Capitalism: A Love Story isn't really about American decline, though. It's about renewal too. Moore makes fiery attacks on "condo vultures" (property speculators preying on home owners who lose their houses), Goldman Sachs bankers (who seemingly still hold the levers of American power) and deregulators from the Reagan era. We hear shocking stories about how poorly airline pilots are paid and how this puts passengers' safety at risk. Moore rails against bankers who have tried to turn his beloved America into "a plutonomy," a society in which the 1 per cent of the very, very rich lord it over the rest of the population. He bemoans the bank bailouts as a corporate coup d'etat and tries to work out where all the taxpayer money has gone. We hear the shocking story of the privatised juvenile detention centre whose owners made fortunes locking up youngsters on minor misdemeanours.

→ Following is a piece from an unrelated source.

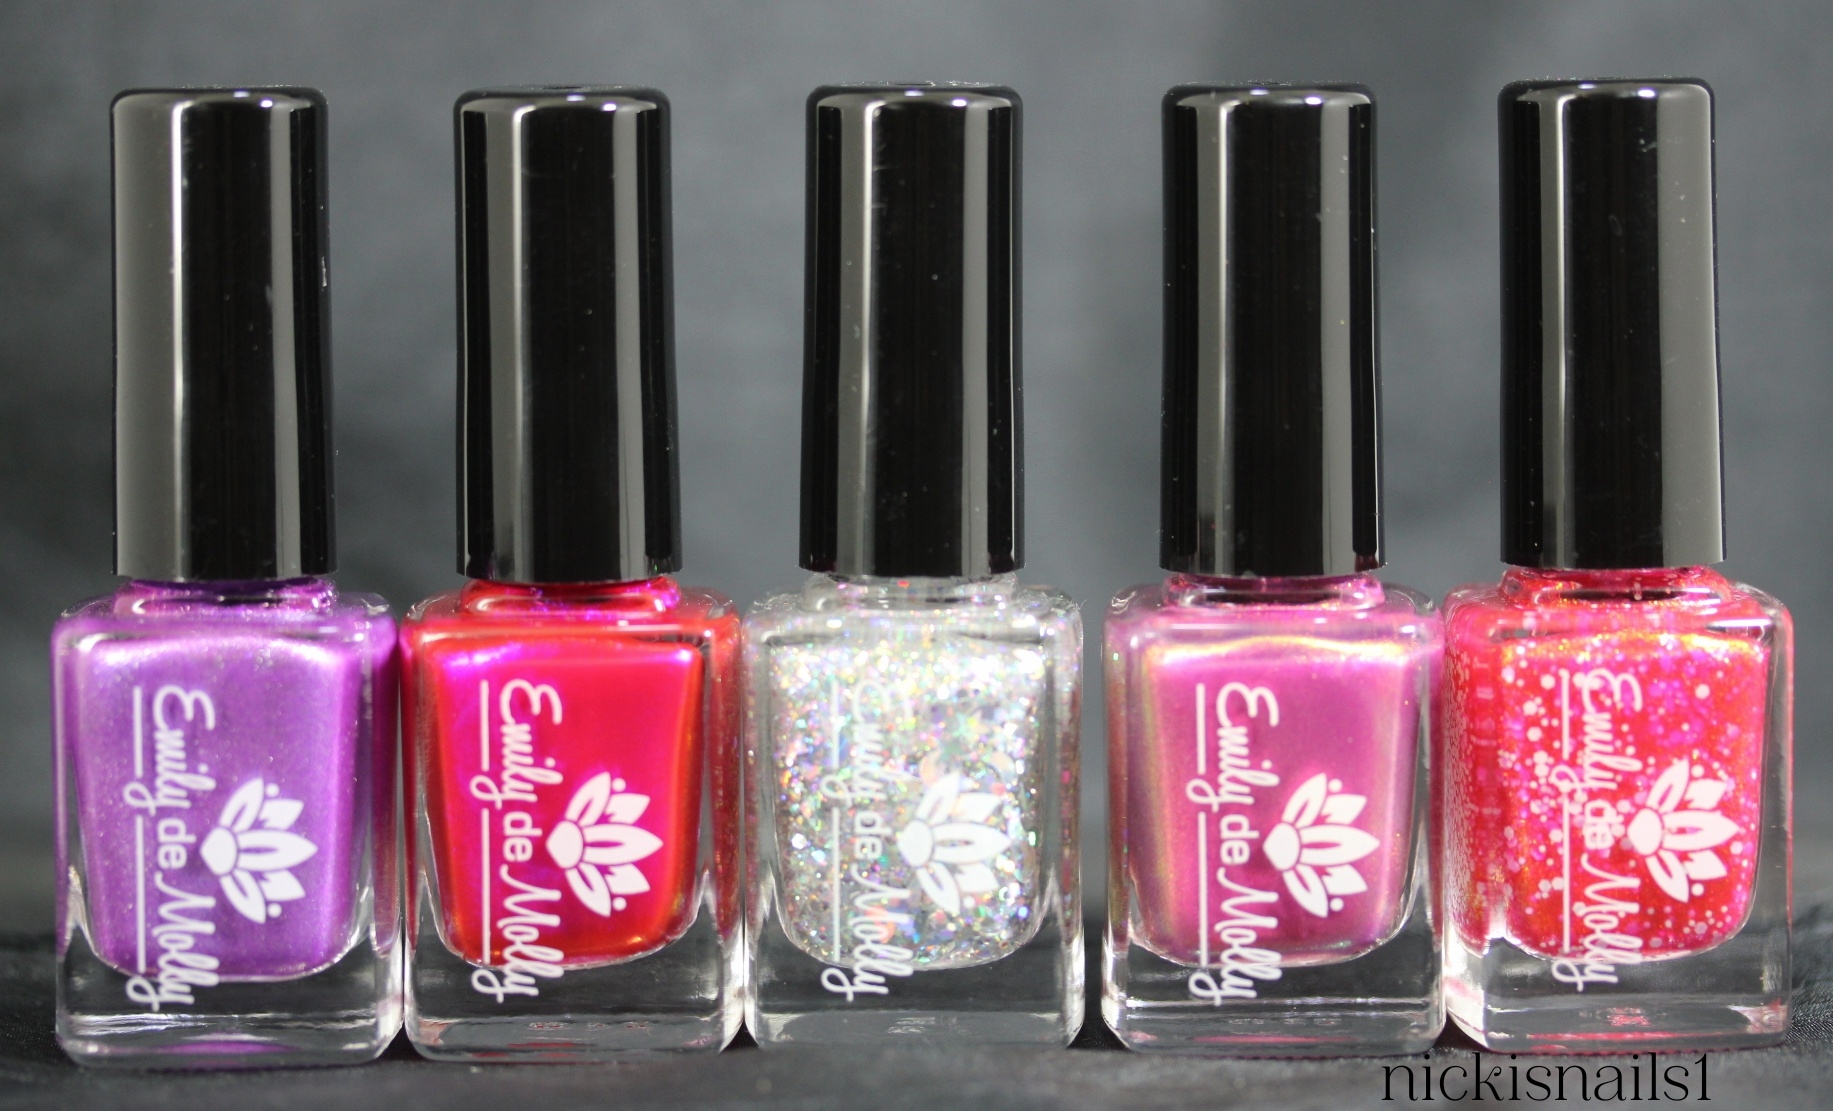 6. Emily de Molly Multichrome Nail Polish - Color Shifting Finishes - wide 1

This is all familiar stuff. Moore delivers his arguments in his usual scattergun fashion, mixing archive footage, interviews, sarcastic voice-overs and his own interventions. (He spends a lot of time on Wall Street trying to make citizen's arrests of bankers.) When you unpick the rousing rhetoric you quickly realise that contradictions and syllogisms abound. Coherence isn't his strong point. Even so, this is moving and entertaining fare.

Alongside the attacks on the capitalist fat cats, Moore celebrates Americans who've fought back: workers who stage sit-ins, local residents who stop foreclosures, priests and economic gurus who speak out against the evils of capitalism. There's no mention of Marx. Instead, Moore extols a version of American democracy embodied by Presidents like Roosevelt and Carter who had a basic sense of decency and fair play. The director sometimes seems naïve and sentimental. Nonetheless, he makes it clear throughout that this is his own story as much as it is that of his troubled country. We see home movie footage of Moore, enjoying what seemed to be a halcyon, all-American childhood – a time of near full employment when workers were treated decently and the old, pre-Reagan social contract was still in place. We then see the filmmaker and his dad visiting the ruins of the old factory where Moore Sr used to work.

"When I was young, I wanted to be a priest," the filmmaker declares at one stage. In a sense, that is what he has become, with film as his pulpit. At his worst, he can be a hectoring and overbearing figure. Here, though, there is humour and pathos in his sermonising. He is an entertainer as well as a would-be prophet.